Install BlackLab standalone on MacOS (by Dirk Roorda)
This guide was written by Dirk Roorda for the CLARIAH project General Missives project. This is a slightly edited (top heading, other heading levels) archived version; the original can be found here. It is licensed under the MIT license.
About
This document describes how to install a working Blacklab server and client on a standalone machine running macos.
TOC
- Prerequisites
- Requirements
- Java
- Tomcat
- Run Tomcat
- Manage TomCat
- Set up managers
- Blacklab
- File organization
- Explanation
- Server
- Configure
- Example corpus
- Deploy within TomCat
- Test the query tool
- Client
- File organization
Prerequisites
Requirements:
- macos 10.15.7 or higher (Catalina), earlier probably works as good
- Commandline tools installed (part of XCode)
xcode-select --install - HomeBrew (a macos package manager)
JAVA
We use Homebrew to install a Java Development Kit (JDK), from an open source, using a mechanism of HomeBrew that is optimized for large binaries.
brew update
brew tap homebrew/cask
brew cask install adoptopenjdk
java -versionResults in:
openjdk version "15" 2020-09-15
OpenJDK Runtime Environment AdoptOpenJDK (build 15+36)
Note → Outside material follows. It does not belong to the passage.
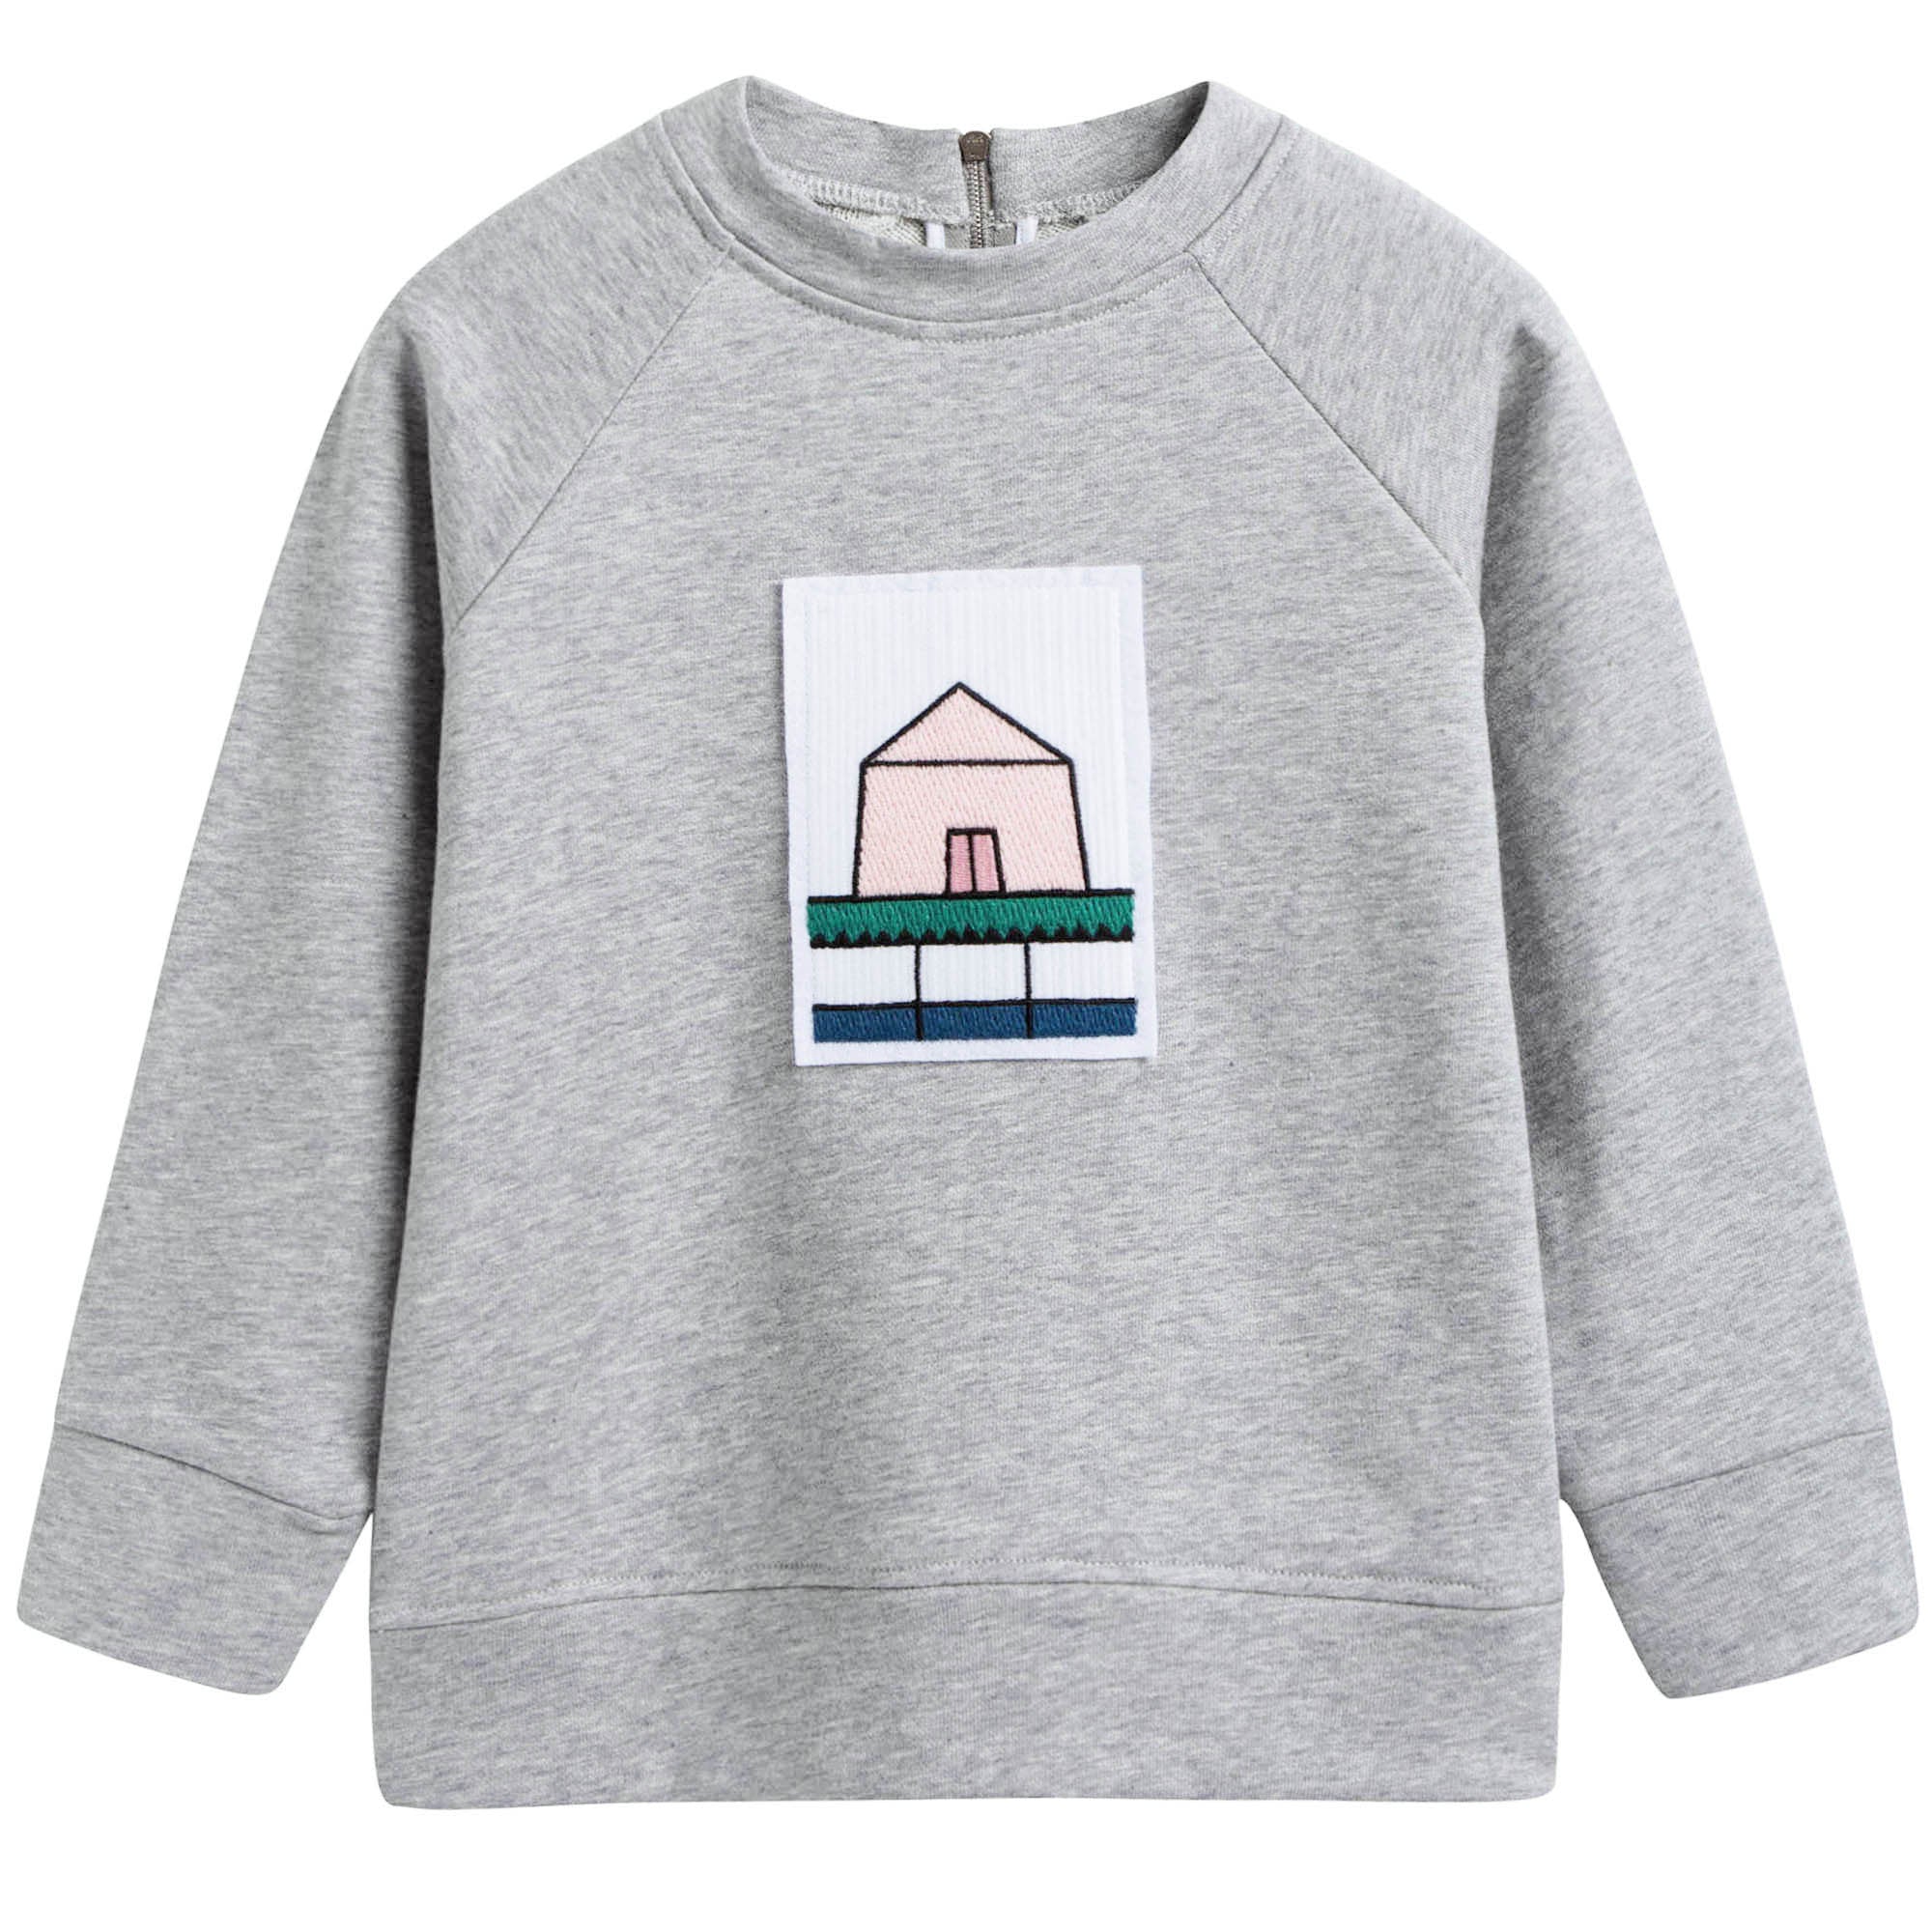 Girls Grey House Printed Cotton Sweatshirt

OpenJDK 64-Bit Server VM AdoptOpenJDK (build 15+36, mixed mode, sharing)TOMCAT
We install both TomCat and its native library, in order to get access to SSL.
brew install tomcat
brew install tomcat-nativeWe get a notification:
In order for tomcat's APR lifecycle listener to find this library, you'll
need to add it to java.library.path. This can be done by adding this line
to $CATALINA_HOME/bin/setenv.sh
CATALINA_OPTS="$CATALINA_OPTS -Djava.library.path=/usr/local/opt/tomcat-native/lib"
If $CATALINA_HOME/bin/setenv.sh doesn't exist, create it and make it executable.N.B This CATALINA is a code name for TomCat and has nothing to do with the current
macos version 10.15, also named Catalina.
OK, it appears that
CATALINA_HOME is /usr/local/Cellar/tomcat/9.0.40/libexec
although there is no CATALINA_HOME visible to the shell.
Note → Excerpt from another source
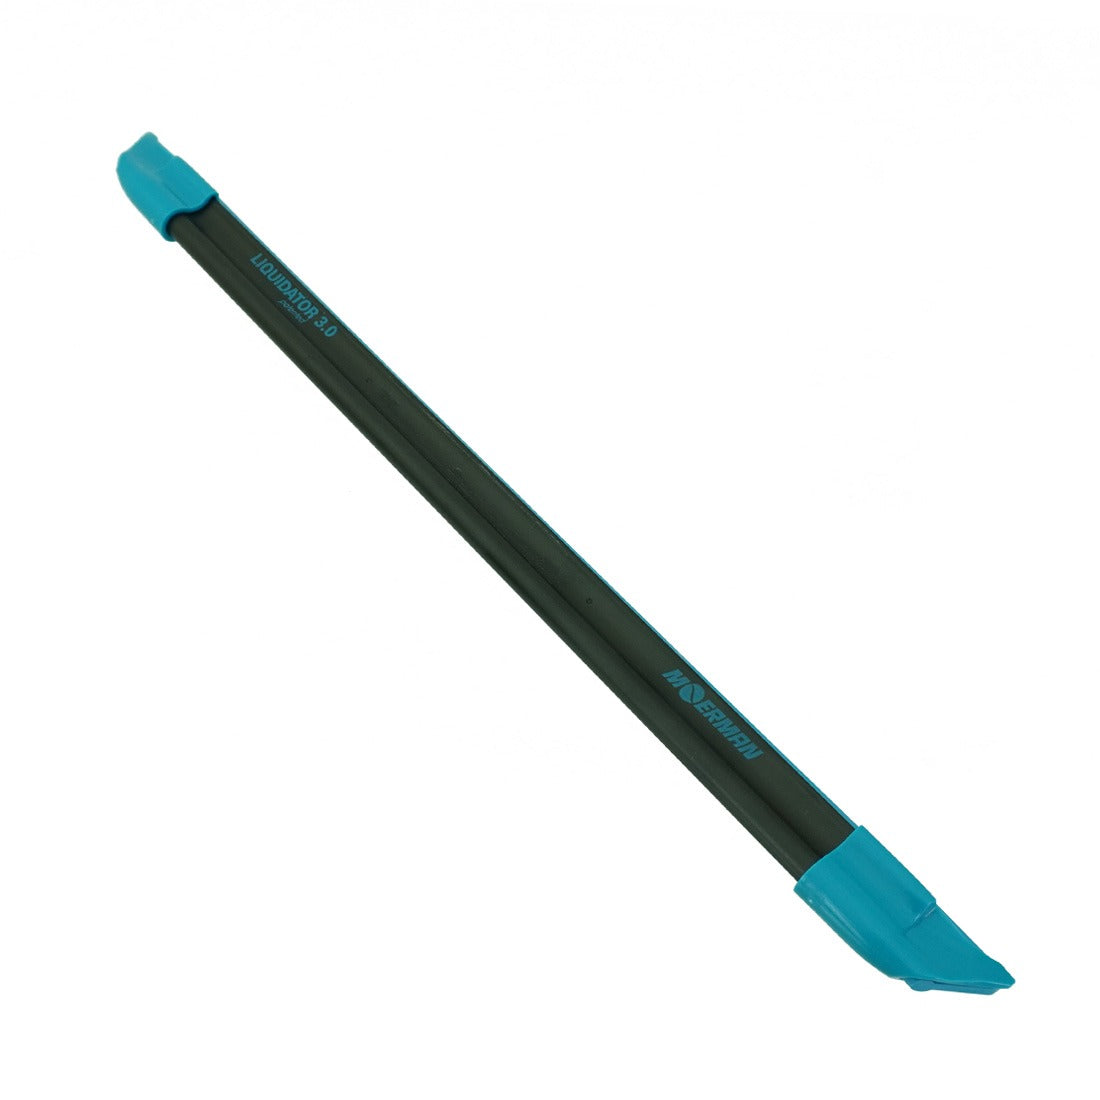 Curva Pen ergonomic writing instrument addresses issues for right

You can either set such a variable and use it in the ocmmands below, or spell
the value out.
It seems that it is not needed to set this variable for TomCat to work.
Depending on whether you have chosen to set CATALINA_HOME in your shell
say either
vim $CATALINA_HOME/bin/setenv.shor
vim /usr/local/Cellar/tomcat/9.0.40/libexec/bin/setenv.shand add the line
CATALINA_OPTS="$CATALINA_OPTS -Djava.library.path=/usr/local/opt/tomcat-native/lib"Then
either
chmod ugo+x $CATALINA_HOME/bin/setenv.shor
chmod ugo+x /usr/local/Cellar/tomcat/9.0.40/libexec/bin/setenv.shRun TOMCAT
There are several ways to run TomCat:
As a service that starts when the Mac starts:
brew services start tomcatManually
catalina runand stop it by Ctrl-C.
As a background process:
catalina startand stop it with
catalina stopSee also
catalina -hManage TOMCAT
In the browser, navigate to
You should see a page that says that you have successfully installed TomCat.
Set up managers
See the users in
cd /usr/local/Cellar/tomcat/9.0.40/libexec
vim conf/tomcat-users.xmland add the lines
<role rolename="manager-gui"/>
<user username="dirk" password="dirk" roles="manager-gui"/>where you can replace dirk and dirk by whatever you like.
Blacklab
To see what Blacklab is, see blacklab intro.
A working blacklab installation consists of a server, a client, and corpus data.
File organization
The following bit of file organization is not rigidly prescribed. You can also choose another organization. Whatever you do, it needs to be reflected in subsequent config files and shell commands.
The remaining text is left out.